Ein Aktionärbindungsvertrag,der Eigentum, Kontrolle und Exit-Regeln klar festlegt.

Übersetzen Sie Erwartungen von Gründern und Investoren in klare Regeln für Entscheide, Übertragungen, Austritte und Exits, abgestimmt mit Statuten, Cap Table und Finanzierungsdokumenten.

Ein Aktionärbindungsvertrag wirkt am besten als Betriebssystem für echte Entscheide, nicht als Sammlung marktüblicher Klauseln.

Wann dieses Mandat sinnvoll ist

  • Mitgründer teilen Aktien und Verantwortlichkeiten erstmals verbindlich auf.
  • Ein neuer Investor tritt dem Aktionariat bei.
  • Gründer-Vesting, Leaver-Folgen oder Übertragungsrechte sind unklar.
  • Der bestehende Vertrag passt nicht mehr zu Statuten, Cap Table oder Governance.
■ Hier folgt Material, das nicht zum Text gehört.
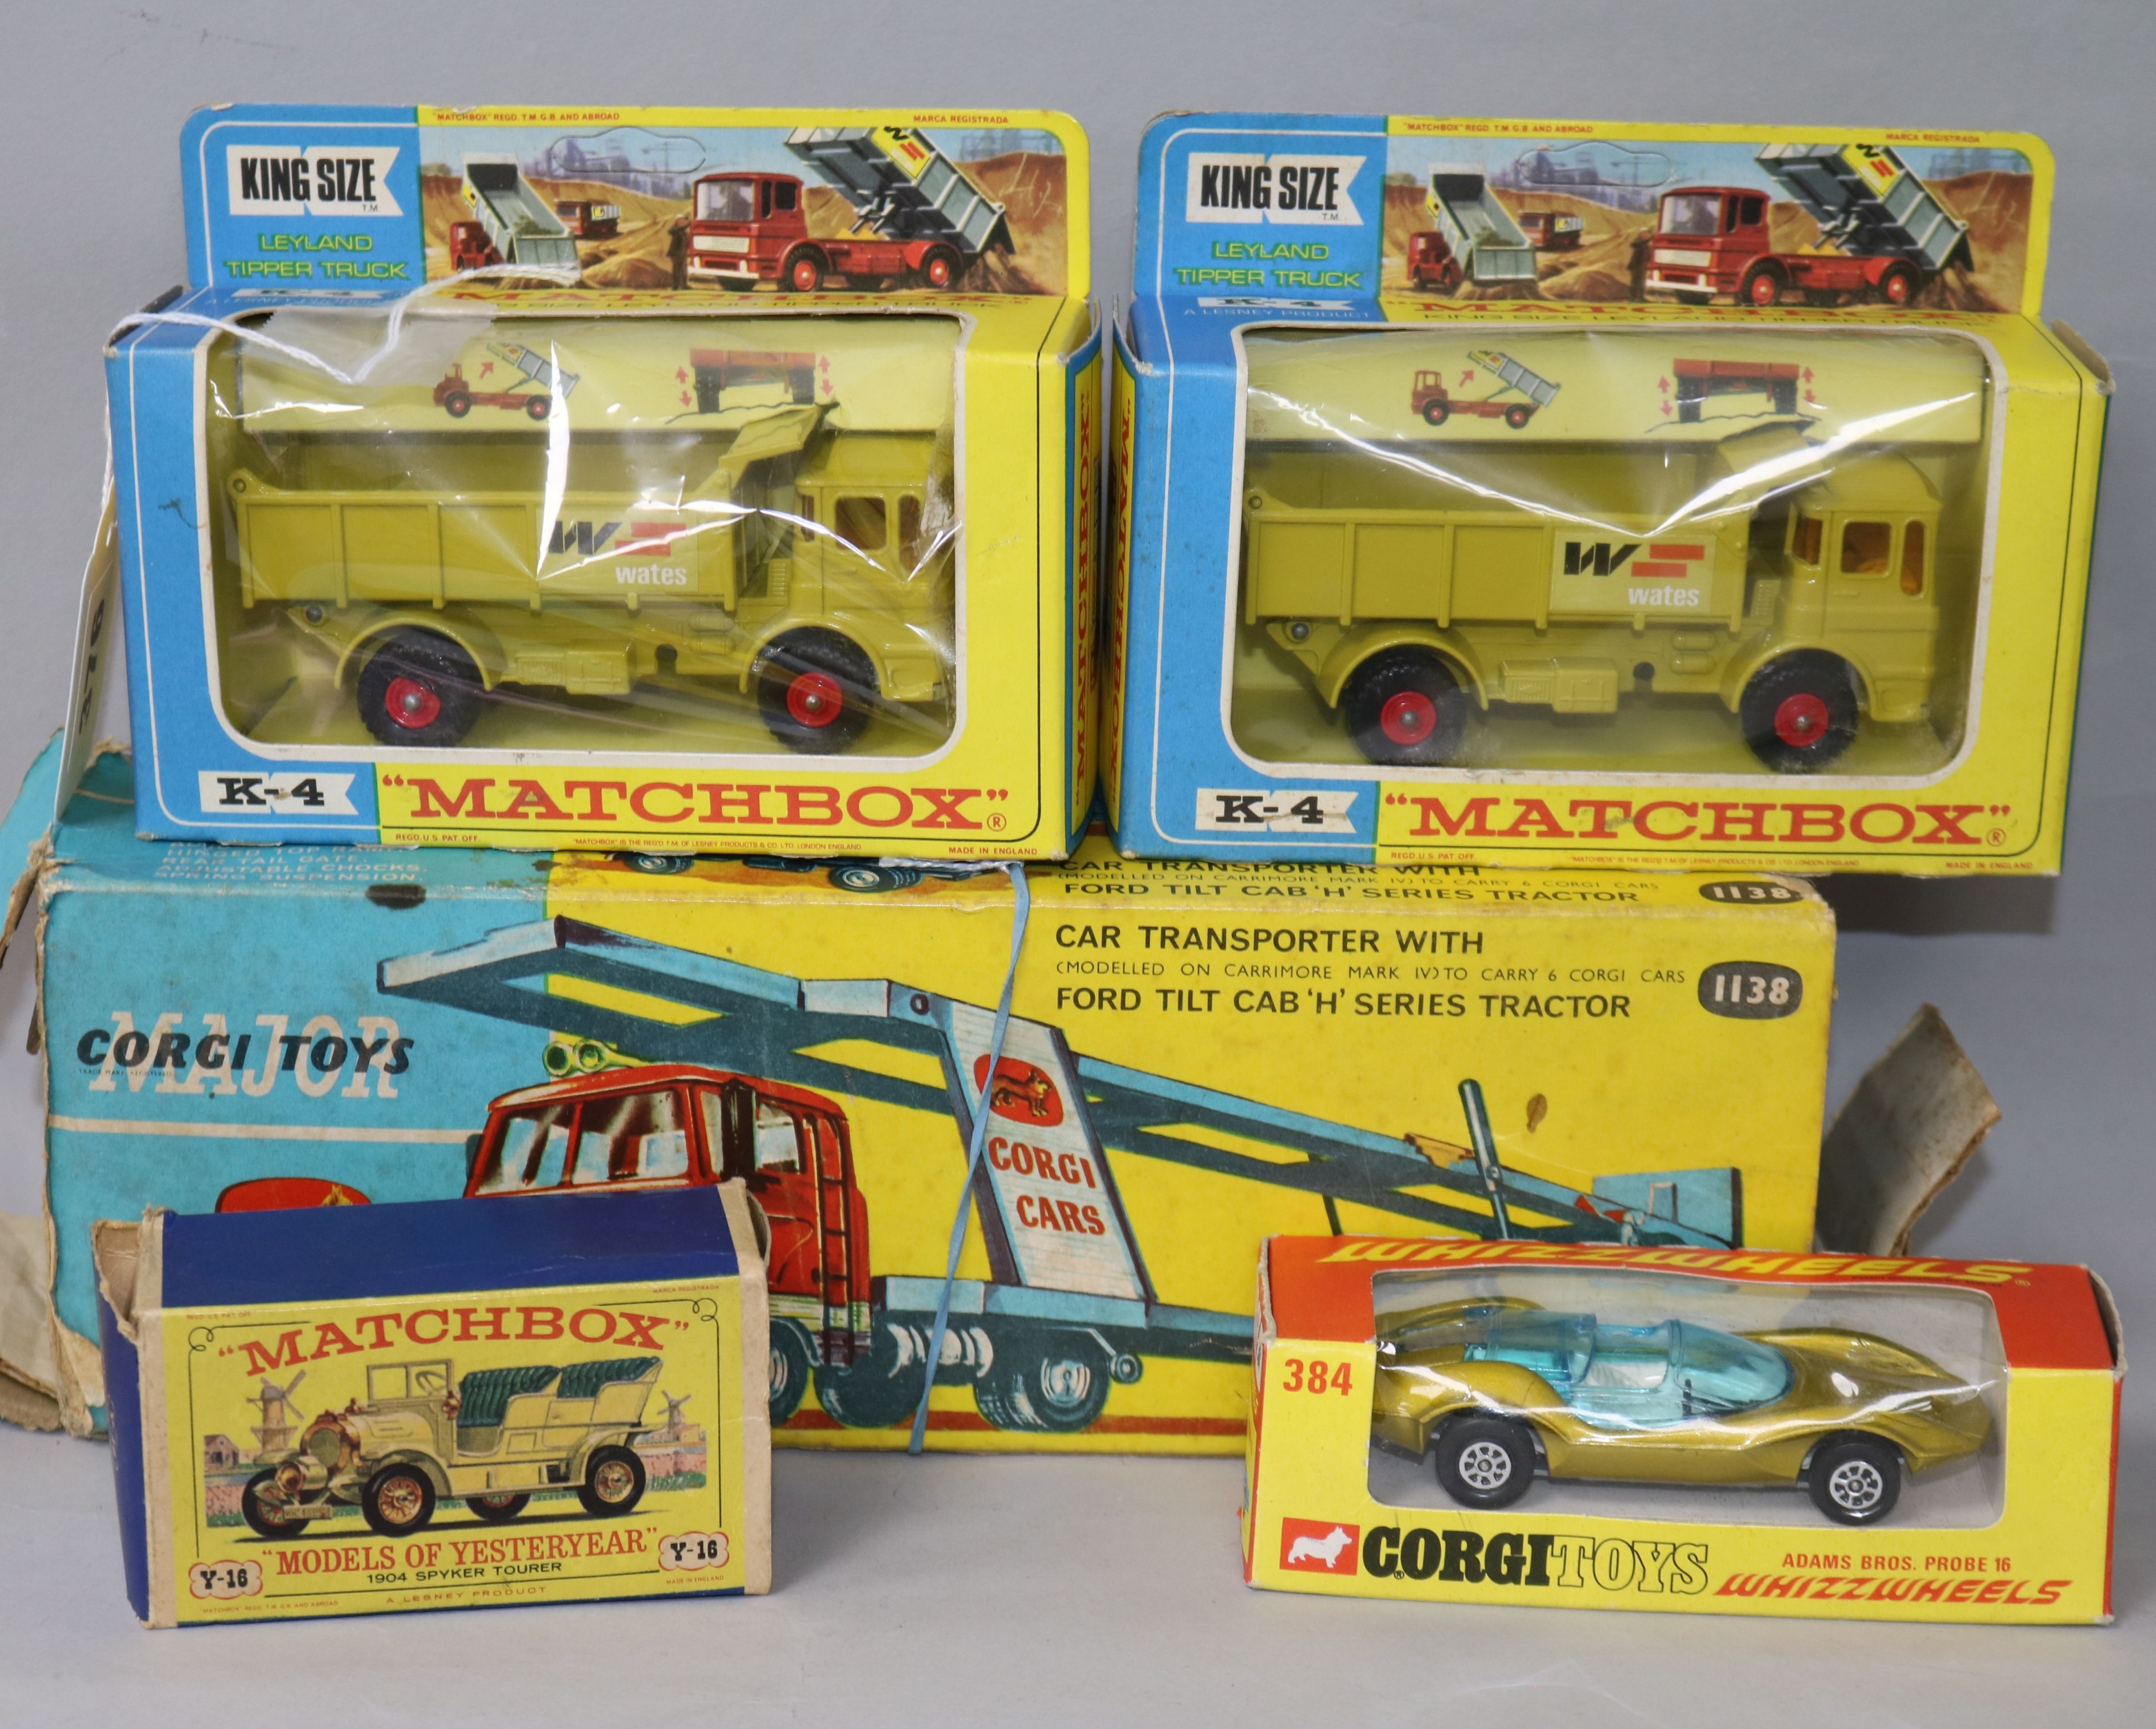 A Corgi Car Transporter No. 1138, boxed with diorama and four other boxed vehicles, including two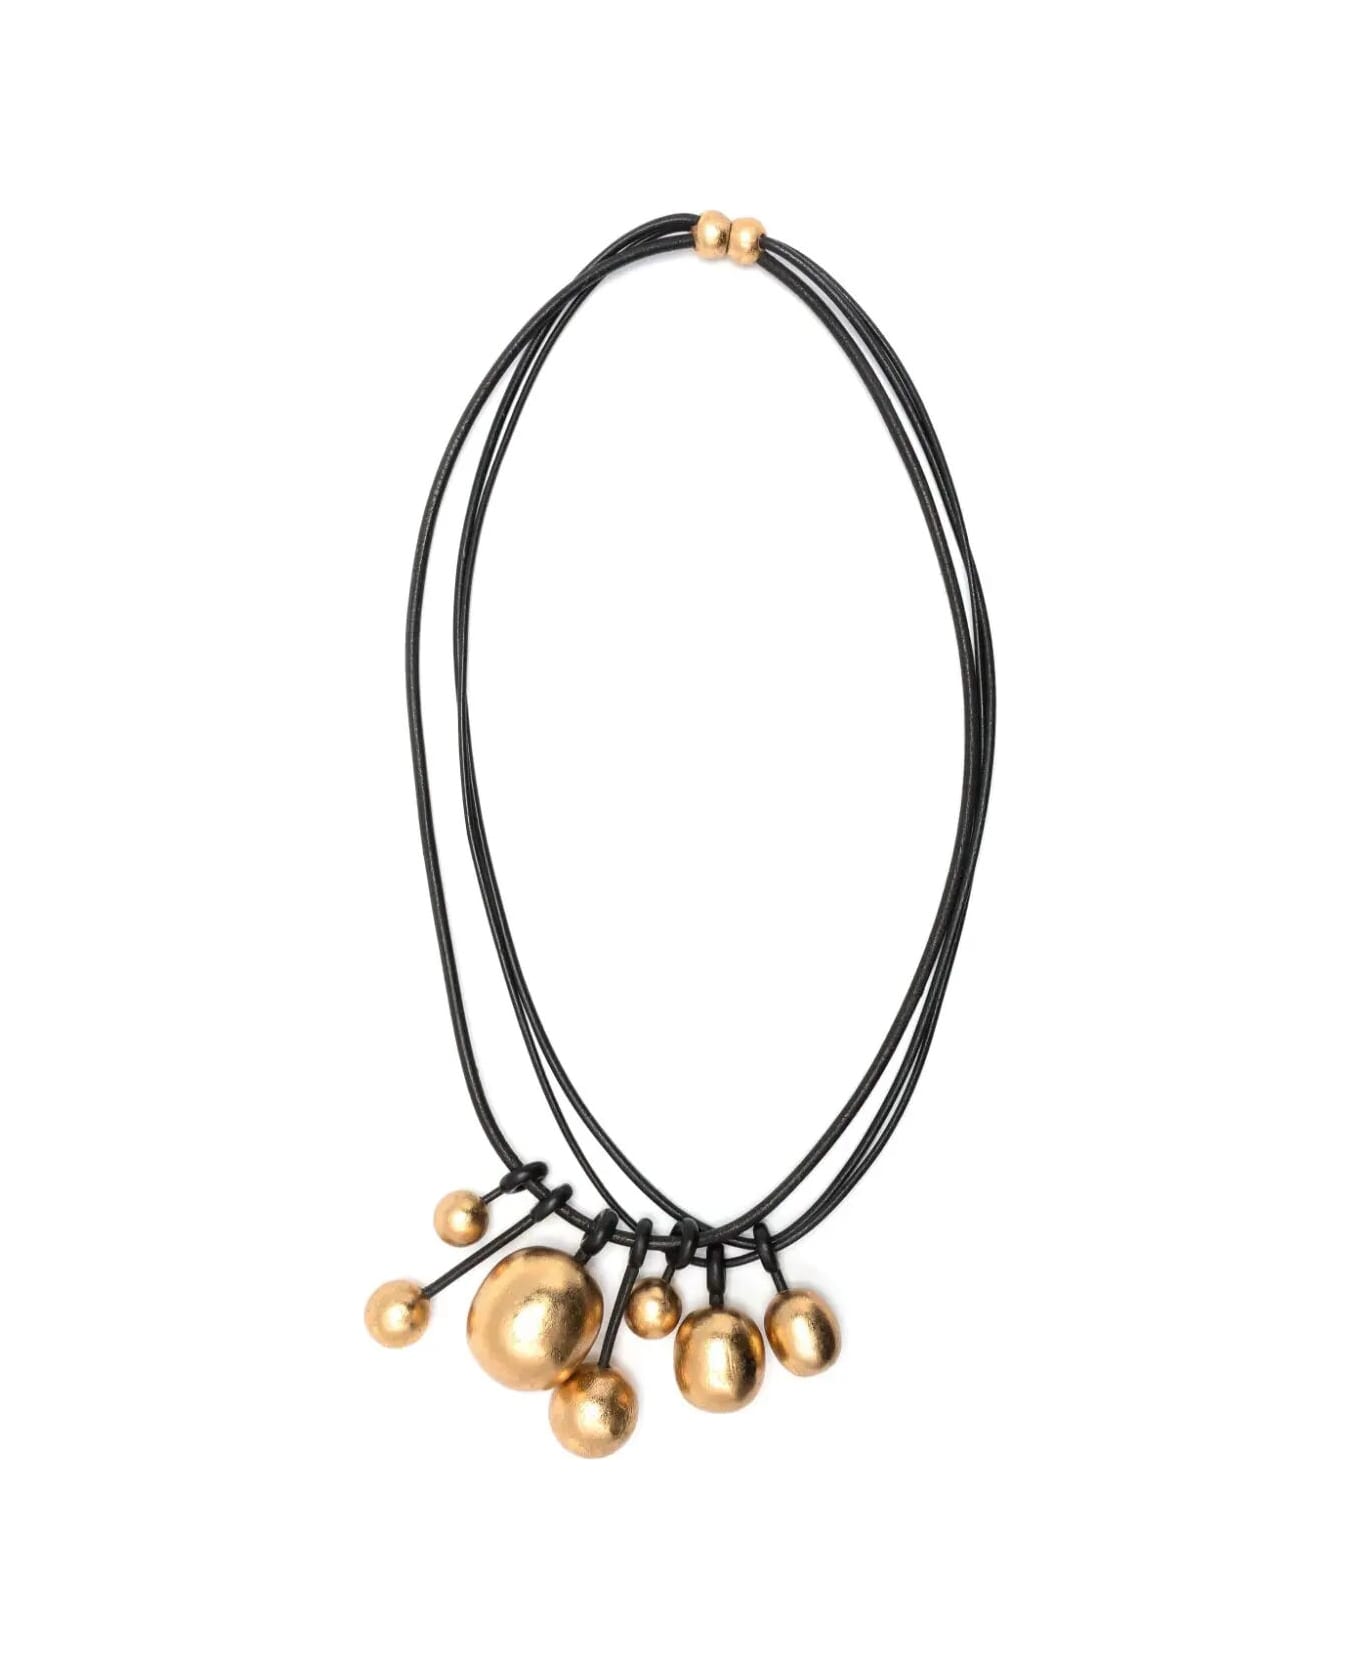 Monies Salix Necklace - Black And Gold ネックレス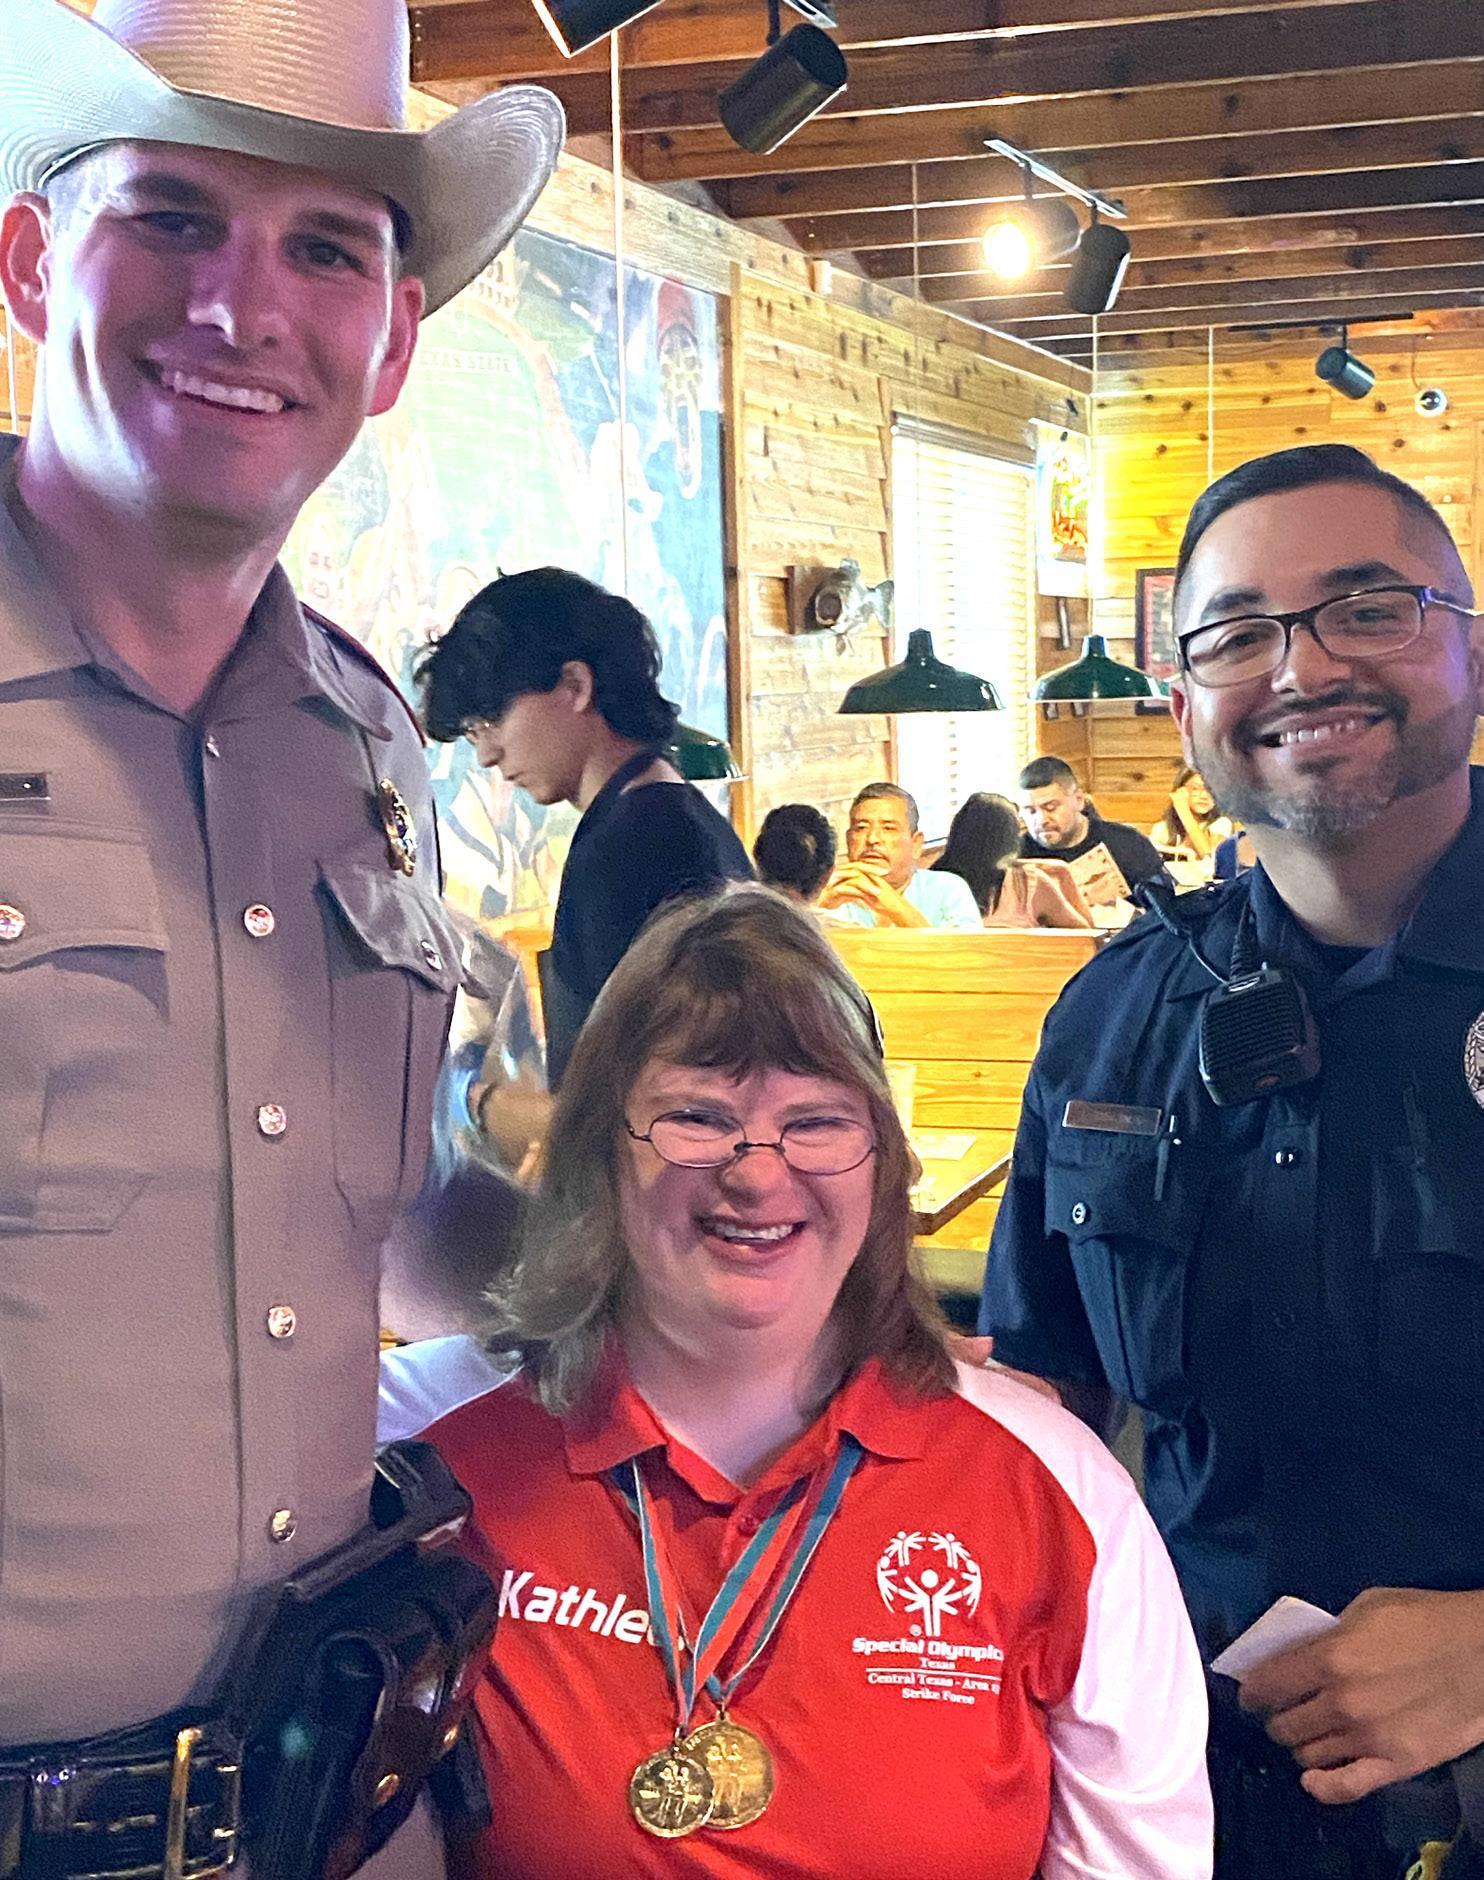 Tip-A-Cop raises funds for area Special Olympics

Die schwierigsten Klauseln greifen ineinander

Kontrolle wird auf Stimmprozente reduziert

Verwaltungsratssitze, vorbehaltene Entscheide, Informationsrechte und Deadlock-Regeln können wichtiger sein als die Beteiligungsquote.

Vesting passt nicht zur Übertragungsmechanik

Eine Leaver-Klausel nützt nur, wenn Kaufrecht, Preis, Genehmigungen und Übertragung tatsächlich vollzogen werden können.

Exit-Rechte werden isoliert formuliert

Drag, Tag, Vorkauf und Investorenpräferenzen müssen mit demselben Verkaufsprozess und Cap Table funktionieren.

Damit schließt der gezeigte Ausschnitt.